What Insights Will I Get?

Luteinizing hormone (LH) is a pituitary signal that coordinates the brain–gonad axis. In ovaries it triggers ovulation and luteal progesterone; in testes it drives testosterone from Leydig cells. Through these sex steroids, LH influences fertility, bone and muscle, metabolism, cognition, and mood.

Low values usually reflect reduced hypothalamic–pituitary drive (secondary hypogonadism). Common suppressors include stress or illness, low energy availability, high prolactin (hyperprolactinemia), obesity, and certain drugs; pregnancy and hormonal contraception also lower LH. In women this impairs ovulation and cycles. In men it reduces testosterone, affecting energy, libido, and body composition. In youth it can delay puberty.
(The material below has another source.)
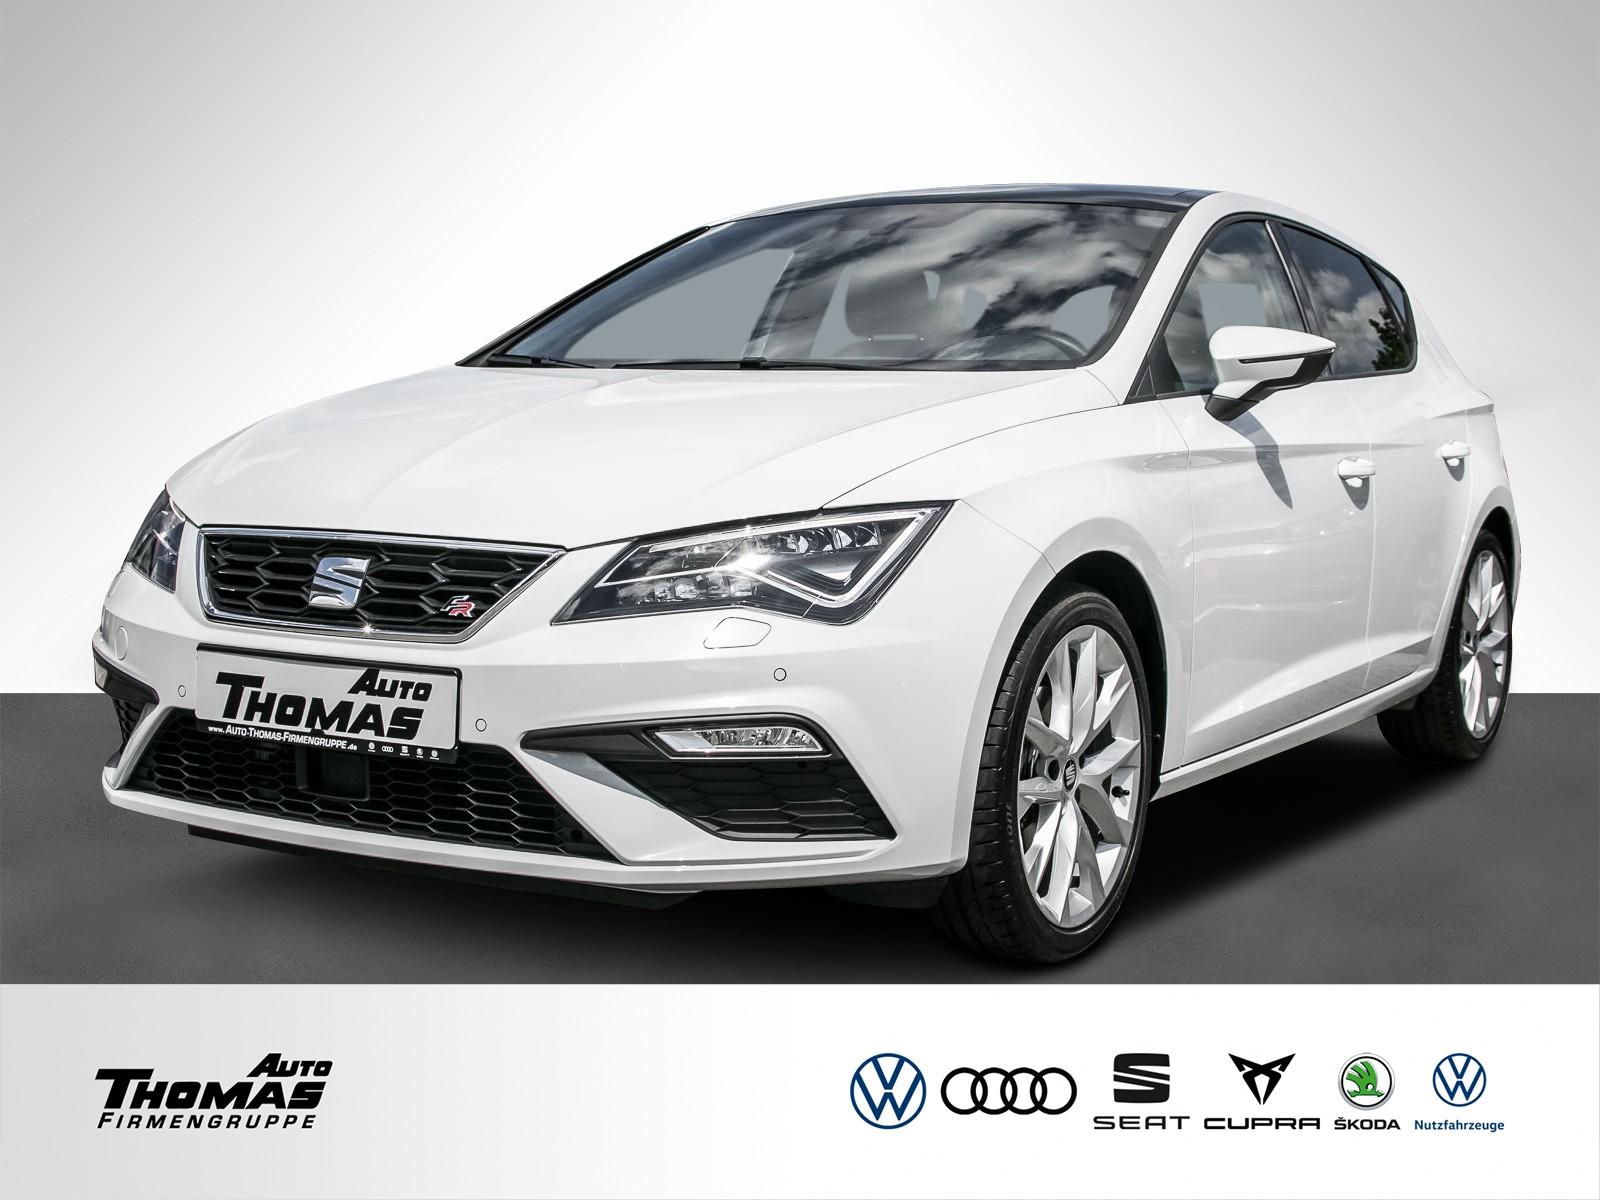 Seat Leon FR 1.5 TSI ACT 110 kW (150 PS) 6-Gang, Jahr 2019, Benzin

Being in range suggests an intact brain–gonad feedback loop with adequate sex-steroid output. In reproductive‑age women, LH is low‑to‑moderate except for a brief mid‑cycle surge; in men, values are steady. Optimal typically sits mid‑range, supporting stable mood, bone turnover, red cell production, and metabolic balance.

High values usually reflect reduced gonadal responsiveness (primary hypogonadism) or a normal life‑stage transition. In women, LH rises in perimenopause/menopause and premature ovarian insufficiency; it may be disproportionately high in polycystic ovary syndrome. In men, high LH with low testosterone signals testicular failure; high LH with normal testosterone suggests compensated dysfunction.

Notes: LH is pulsatile and cycle‑dependent; single measurements vary by time of day and menstrual phase. Interpretation depends on age/puberty, pregnancy, acute illness, and drugs (sex steroids, GnRH analogs, opioids). Assays differ; pairing LH with FSH, estradiol or testosterone, and prolactin refines localization.